Physics of multiphase flow in porous media heavily relies on the concept of relative permeability. Moreover, relative permeability is an integral input parameter for any numerical reservoir simulation representing multiphase flow in porous media. Relative permeability curves are often used as tuning parameters to match the elements of the production history. Many times it is possible to see a single set of fixed relative permeability curves applied for the entire complex large-scale reservoir simulation. In this study, we are experimentally investigating the effect of high pressures on relative permeability curves.
We are using a state-of-the-art custom-made relative permeability steady-state flow system with a gamma-ray source. The setup is capable of handling pressures from atmospheric up to 10000 psi, and temperatures up to 200 °C. For this paper, we use a model oil and brine, such as n-hexane and sodium iodide aqueous solution. The porous media is Berea sandstone rock. Such choice of simple fluids is done to avoid any secondary effects of fluid-rock interaction, such as wettability alteration, asphaltenes, and gas-dissolution. Moreover, by using simple fluids ystems we avoid fluid-fluid interactions, miscibility and interaction of phase behavior and flow. We run the relative permeability scans at fixed temperature (isotherm), and at several pressure values (isobars), such as 100, 2000, 4000 psia. The relative permeability curves are then compared to each other to examine the impact of pressure.
There are two main possible outcomes for this study. First outcome is that here is no significant effect of pressure on relative permeability curves. Such outcome confirms the status quo where a fixed relative permeability curves are used for the entire simulation study. The second possible outcome of the study is that there is considerable effect of pressure on relative permeability curves. Such outcome fundamentally questions the common assumption of fixed relative permeability curves that is broadly applied in the industry. Regardless of the two main outcomes of the study, all will contribute to better understanding of the multiphase flow in porous media under high-pressure/variable pressure conditions. Moreover, we are able to observe the in-situ phase saturation propagation with radioactive scanning of the core. Such monitoring of the core simultaneously with relative permeability measurements will shed the light in the in-situ phase propagation at realistic conditions.

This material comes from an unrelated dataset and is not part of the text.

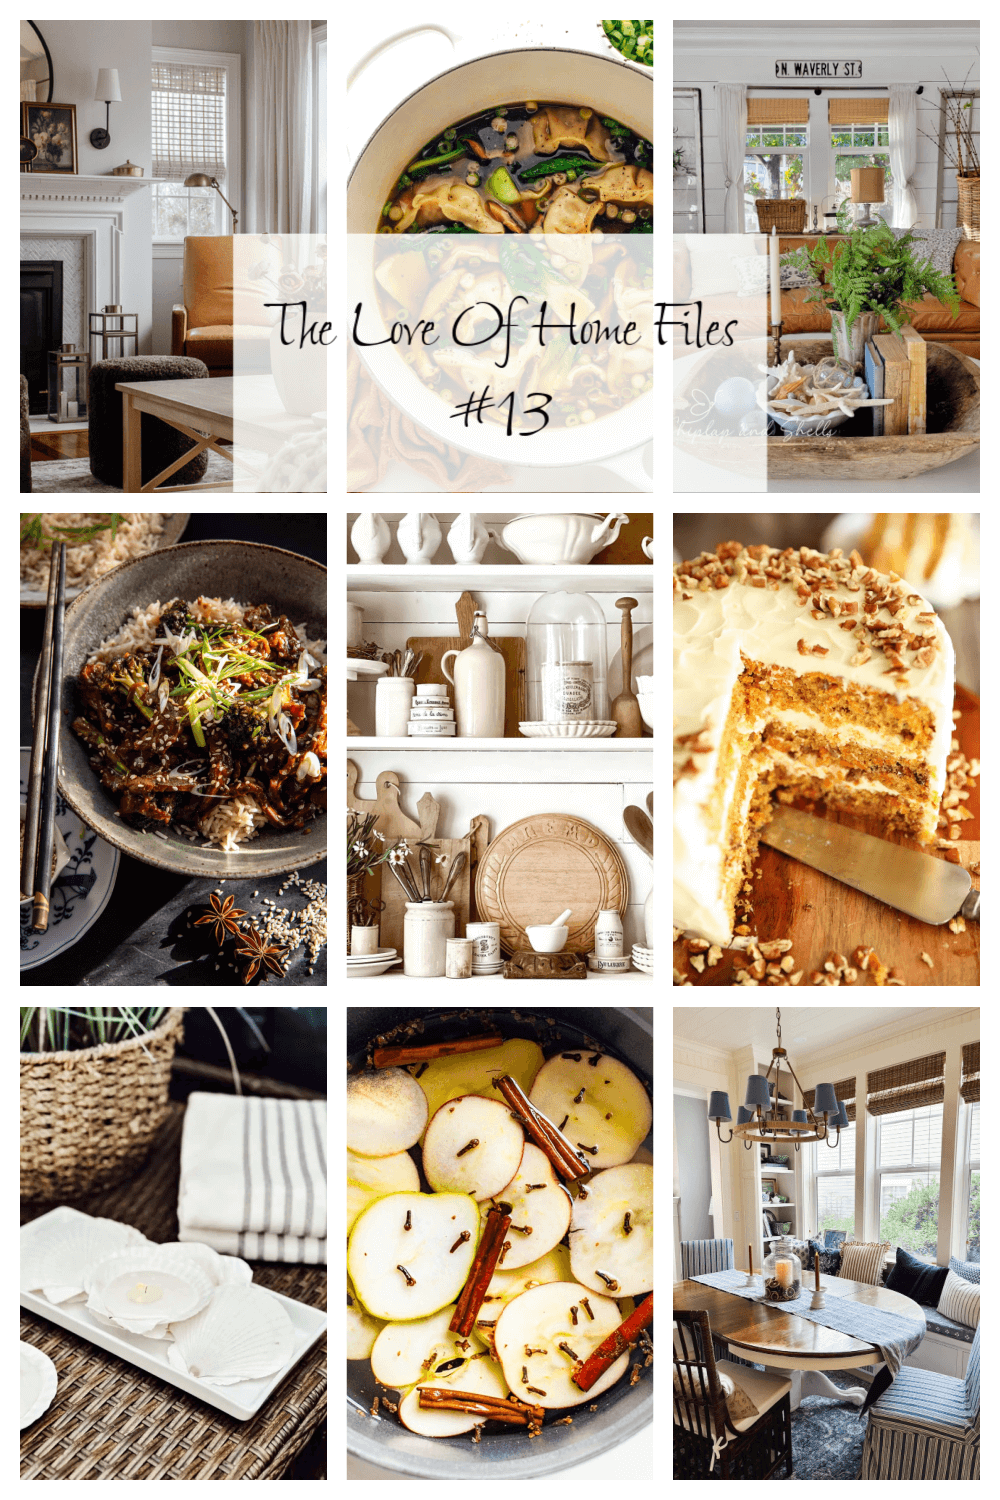 The Love Of Home Files #13 has lots of things to consider doing on a winter day.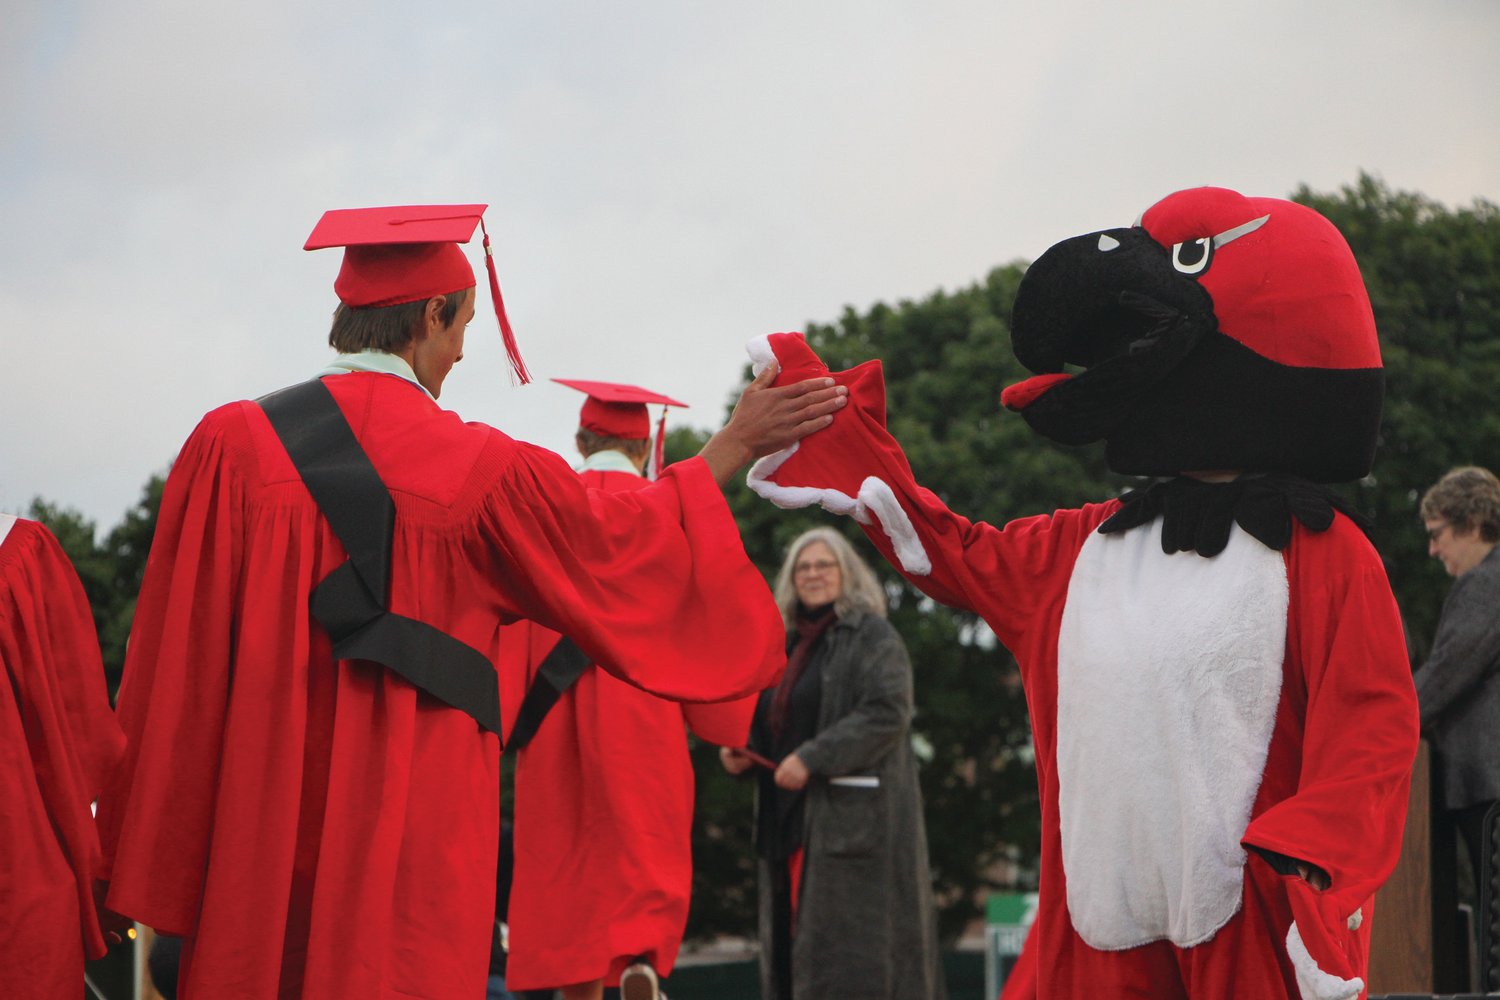 After giving the Redhawk mascot a high-five, students bounded across the stage for their diplomas.

Systematic look and the amount of data that addresses the pressure effect on the relative permeability is extremely scarce in the literature, even though the pressure varies significantly in the reservoir during the lifetime of the field. Therefore, it is essential to understand the pressure effect on the relative permeability under well controlled laboratory conditions. The outcomes of this paper may help engineers to improve design, simulation, and predictions during field developments and decision-making process.